The whole story broke when I was in Mexico, and since everyone else seems to have weighed in on Amy Chua’s childrearing practices, I’m thinking why not me?

My room in the Villa Condesa

As we all know by now I’m a terrible insomniac, so when I woke up at two or so in the morning in a room not unlike the one my character Lili in Palace of the Blue Butterfly would also wake up in, I grabbed my i pad and clicked on the New York Times. Well, not first thing. First, I lay there listening to the sounds of the city around me, feeling the winter cold in the high-ceilinged 19th century building. After I was pretty sure I’d gotten the setting right in my book, after I’d sort of experienced the veracity, shall we say, of my words, THEN I turned on my computer and checked the Times. There it was —all the brouhaha about Amy Chua.

Anyone in the United States not in a complete coma knows about this book, so you don’t need me to spill any more ink on the subject. Since— like everyone else it turned out—I was absolutely horrified by this story, I started to read the comments, wanting to make sure I was not alone. I wasn’t, and boy, were there comments! My personal favorite: “They don’t have Child Protective Services at Yale?”

There is a great review of Battle Hymn of the Tiger Mother by Elizabeth Kolbert in this week’s New Yorker. I’m glad to see that a staff writer for the New Yorker is the same kind of Tiger Mother I was. Basically, the Tiger Cat kind of mother—you know the tabby variety with the stripes? And like such a creature, I was capable of withering looks when things were done I didn’t approve of, but that was about it. Okay, okay, so I strongly encouraged my daughter to go to Wesleyan instead of a theater conservatory, where, in spite of the fact that I had never threatened to burn her stuffed animals, had never locked her out of the house when she was barefoot and freezing (well, it doesn’t freeze in Berkeley, so that was never an option) she managed to get straight As.

But I learned a couple of cool things by following the comment threads on the Tiger Mother book.

One: There is an institute at the University of California at Berkeley—The Greater Good Science Center— that studies what makes people happy. Like scientifically studies. Seems that psychology has previously focused mostly on pathology—what was wrong and how to fix it. These folks at Berkeley now study what is right with some people and how to reproduce those results in others, especially in children.

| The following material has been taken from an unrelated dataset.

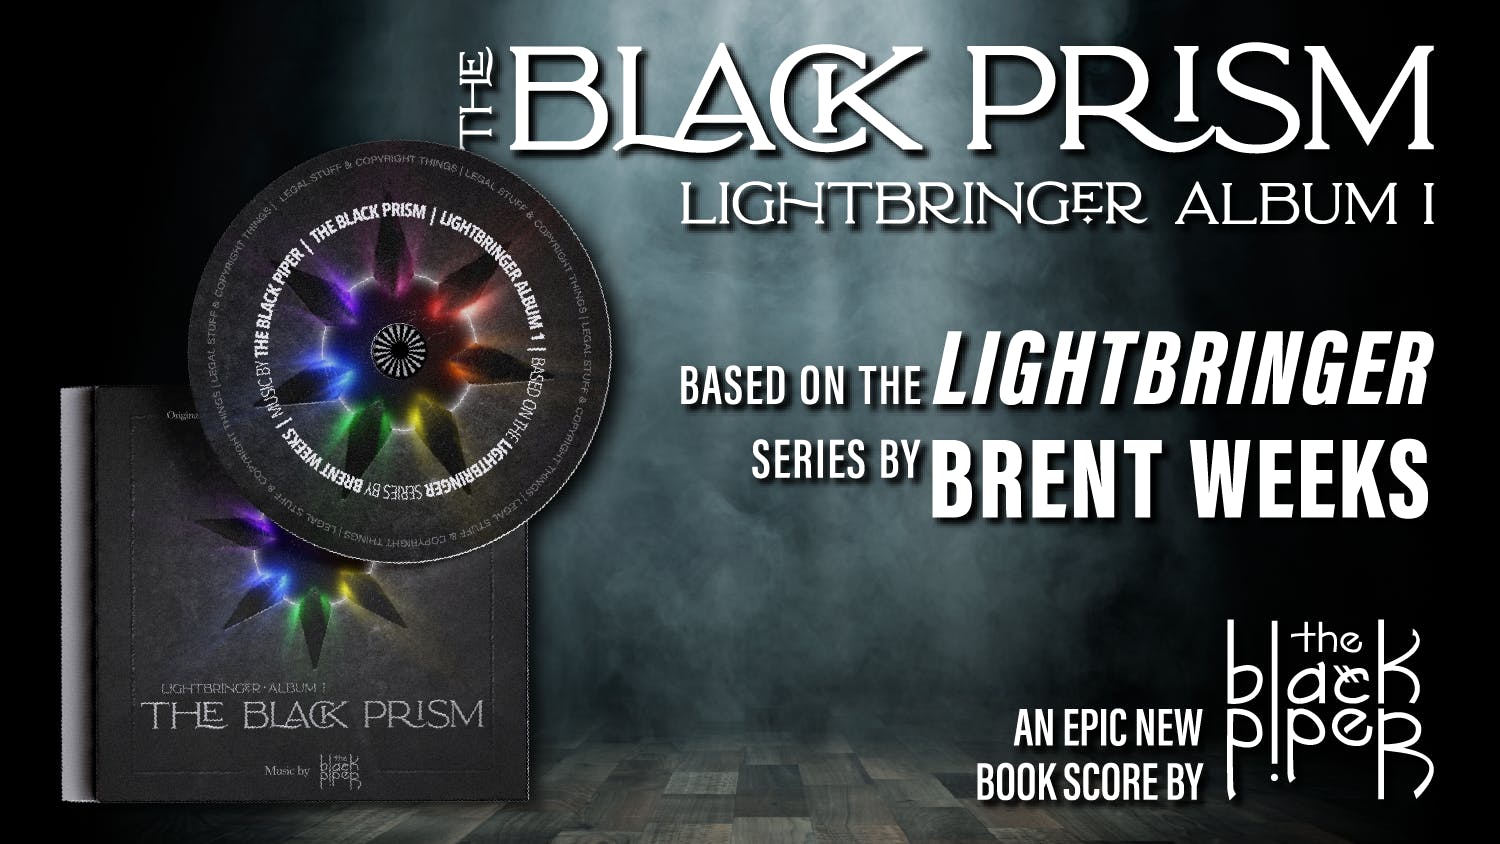 The Black Prism: Lightbringer Album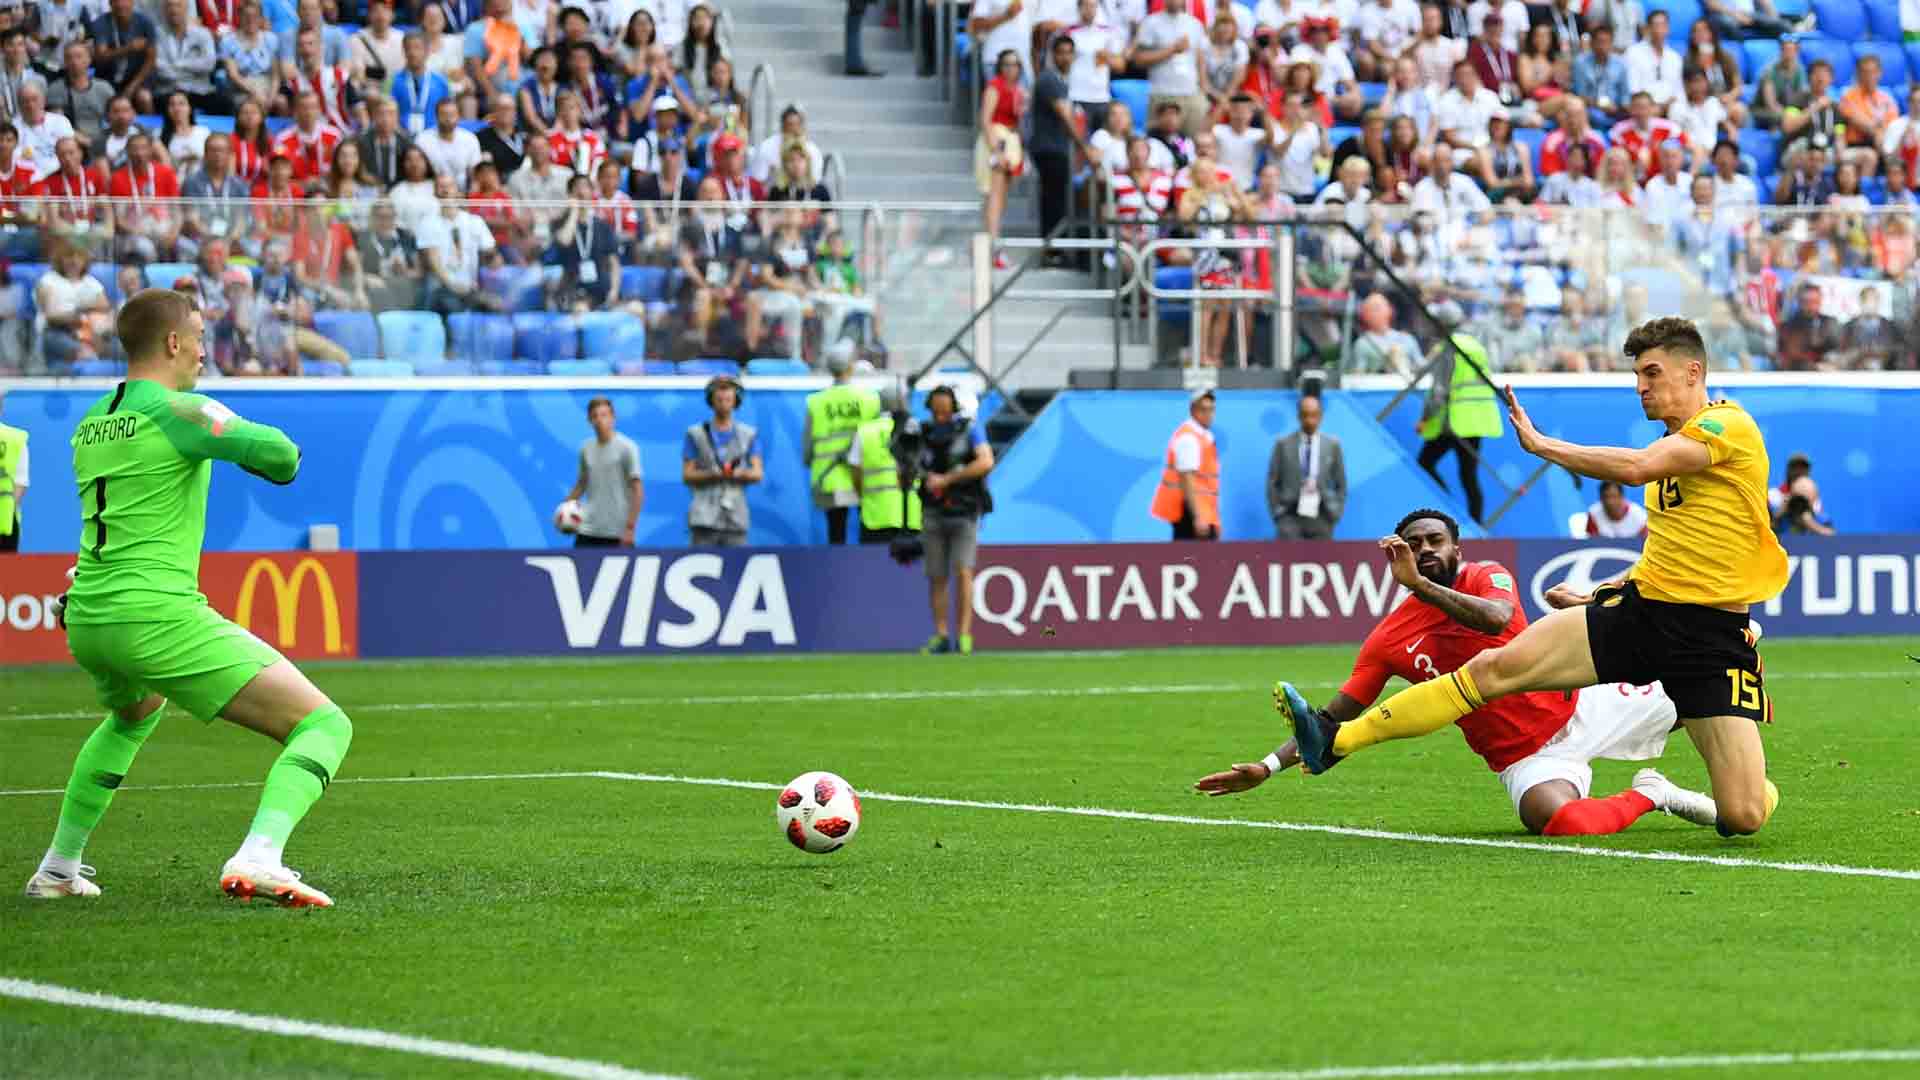 Bélgica derrota a Inglaterra y alcanza el tercer puesto, su mejor resultado en un Mundial

Two: Guess what they’ve found out. Happiness doesn’t come from large amounts of money or great achievements. Happiness— and with it resilience, emotional intelligence, and optimism, all traits that may help you succeed—is fostered by gratitude, sense of community, and altruism.

The cool part is they’ve learned how to develop these qualities in people (like Amy Chua, I assume) in whom they are deficient.

Some things that work: Practicing gratitude, helping others, meditating.

Funny, that list sort of looks like my New Year’s Resolution list.

My Meditation Room

So how am I doing on that list anyway? Well . . . turns out I needed privacy, wasn’t Zen-like enough to meditate when I could hear Dave rattling around in the kitchen, so now I trot up the hill in the morning to the pool cabana. It has wonderful south facing doors that look out on a splendid vista. Plus, it’s warm in there from the sun.

The Greater Good Science Center has a blog called Half Full you might want to check out. Also, for all you mothers and grandmothers out there, I should mention a good childrearing book by Christine Carter, one of the research sociologists at the Greater Good Science Center. It’s called Raising Happiness, and it is a huge relief from the Tiger Mother, Helicopter Mother models we’re seeing. Shows you how you can develop all those good qualities like compassion, optimism, and resilience in your young ones. Sorry Amy. Kids don’t get medals for those things, so maybe you won’t be interested. For the rest of us—take a look.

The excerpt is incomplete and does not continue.